David, zélé politique, travaillera à la suppression de toutes les Académies et élucubrera des projets de tableaux de plus en plus vastes (le Serment du Jeu de paume devait faire 70 mètres carrés). Patriote convaincu, député en 1792, il sera nommé en 1793 président de la section des interrogatoires du Comité de sûreté générale. Il n’aura alors plus beaucoup de temps à consacrer à la peinture, organisera la propagande révolutionnaire et les grandioses fêtes de l’Être suprême où l’on brulait notamment des effigies de l’Athéisme, et validera les listes de comparution devant le tribunal de la Terreur. 

Dans ces longues listes d'accusés, on trouvait les noms de certains de ses amis, comme l'ancien fermier général Antoine (de) Lavoisier dont le corps sera séparé en deux parties inégales le 8 mai 1794. Il n'est pas prouvé que l'expérience aurait été faite afin de vérifier, en vertu du principe de conservation, que la masse additionnée des deux parties valait exactement le poids du savant avant décollation.

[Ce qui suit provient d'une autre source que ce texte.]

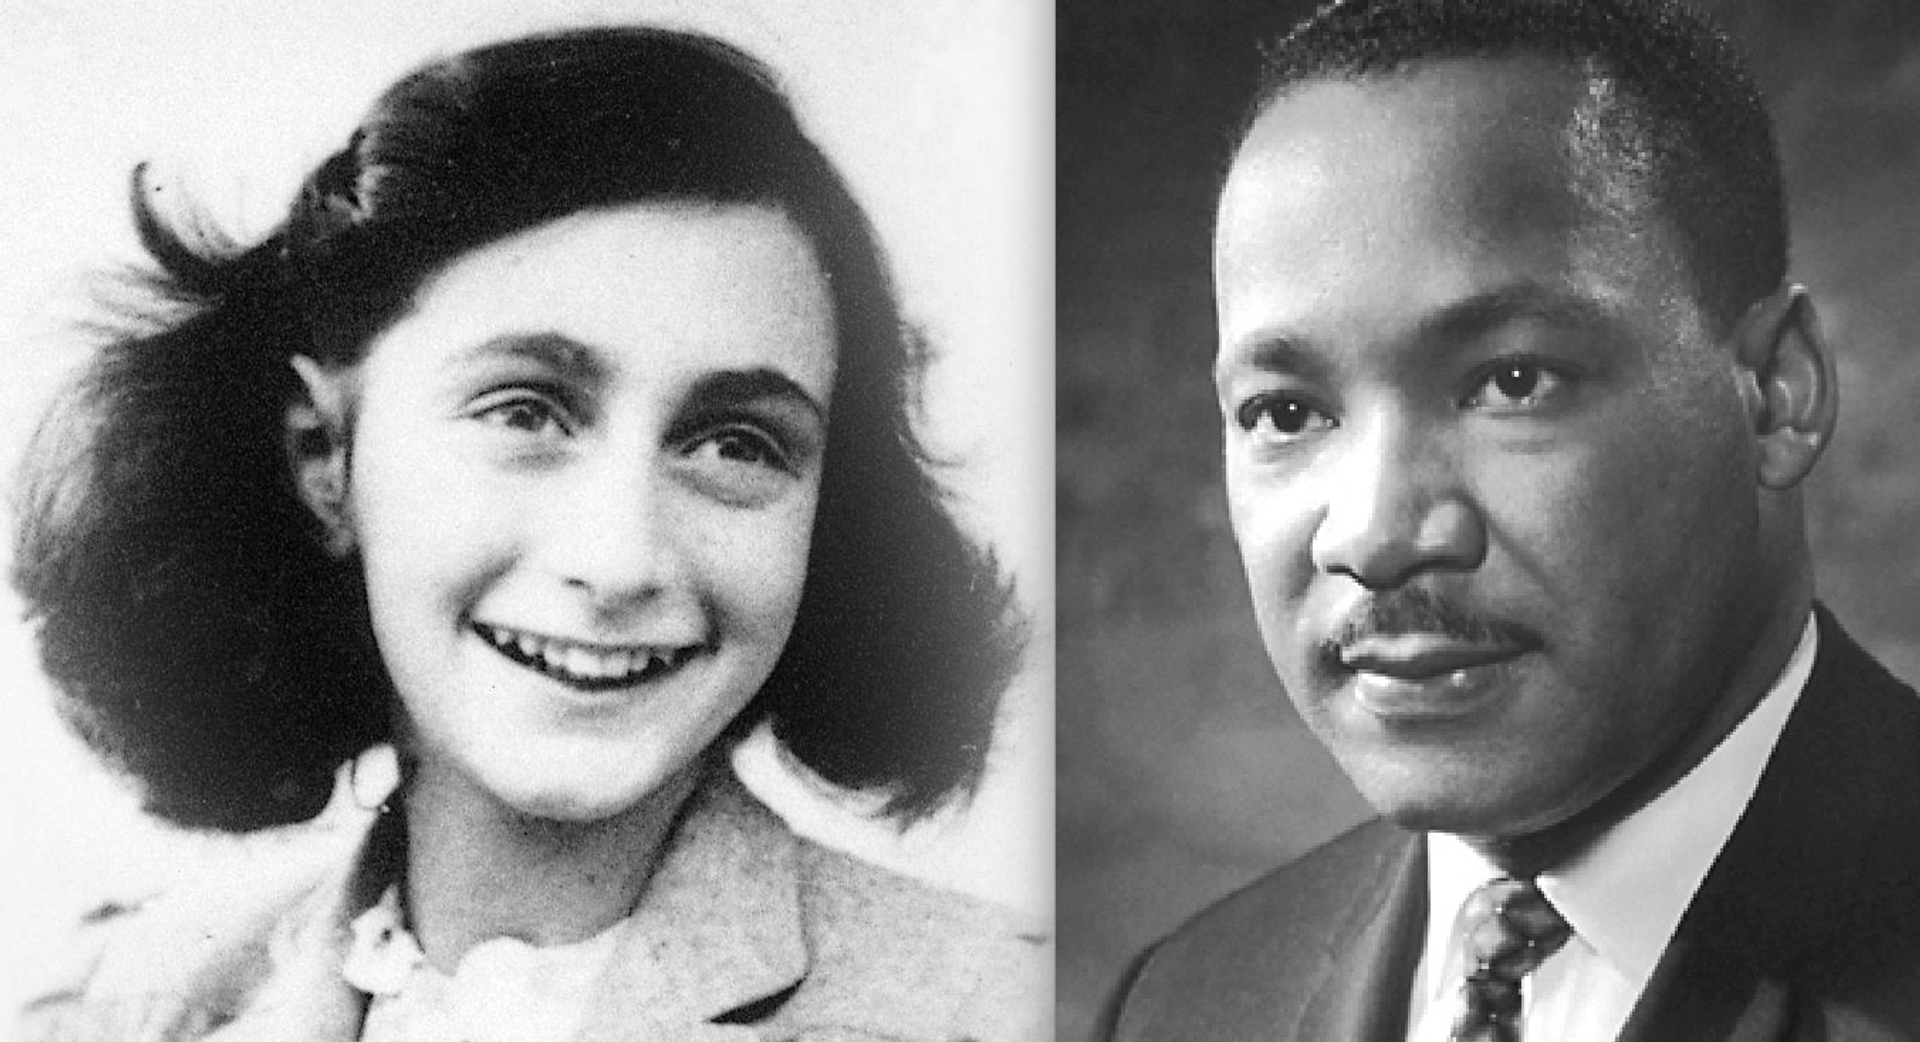 Afbeelding van De gladgestreken symboliek van Anne Frank en Martin Luther King

Dans le volume 5 de ses réflexions sur l’évolution (La foire aux dinosaures), le paléontologue Stephen Jay Gould place Lavoisier « parmi les 6 plus grands génies de tous les temps », et il cite, dans le chapitre 24 qu’il lui consacre, la dernière lettre à son cousin : « J’ai eu une assez longue vie, qui fut par-dessus tout heureuse, et je pense qu’on se rappellera de moi avec quelques regrets, et peut-être laisserai-je une certaine réputation derrière moi. Que demander de plus ? Les événements dans lesquels je me trouve impliqué vont probablement m’épargner les troubles du grand âge. Je vais mourir en pleine possession de mes facultés. »

Le tableau du couple Lavoisier amélioré par David restera chez les descendants jusqu’en 1924, quand il entrera dans la famille Rockefeller, puis au Metropolitan museum of art en 1977.

samedi 21 mars 2020

Tableaux singuliers (13)

Boilly, Le tableau du Sacre exposé au regard du public dans le Grand Salon du Louvre, 1810 (Metropolitan museum, New York - Cat. Bréton et Zuber : 761P)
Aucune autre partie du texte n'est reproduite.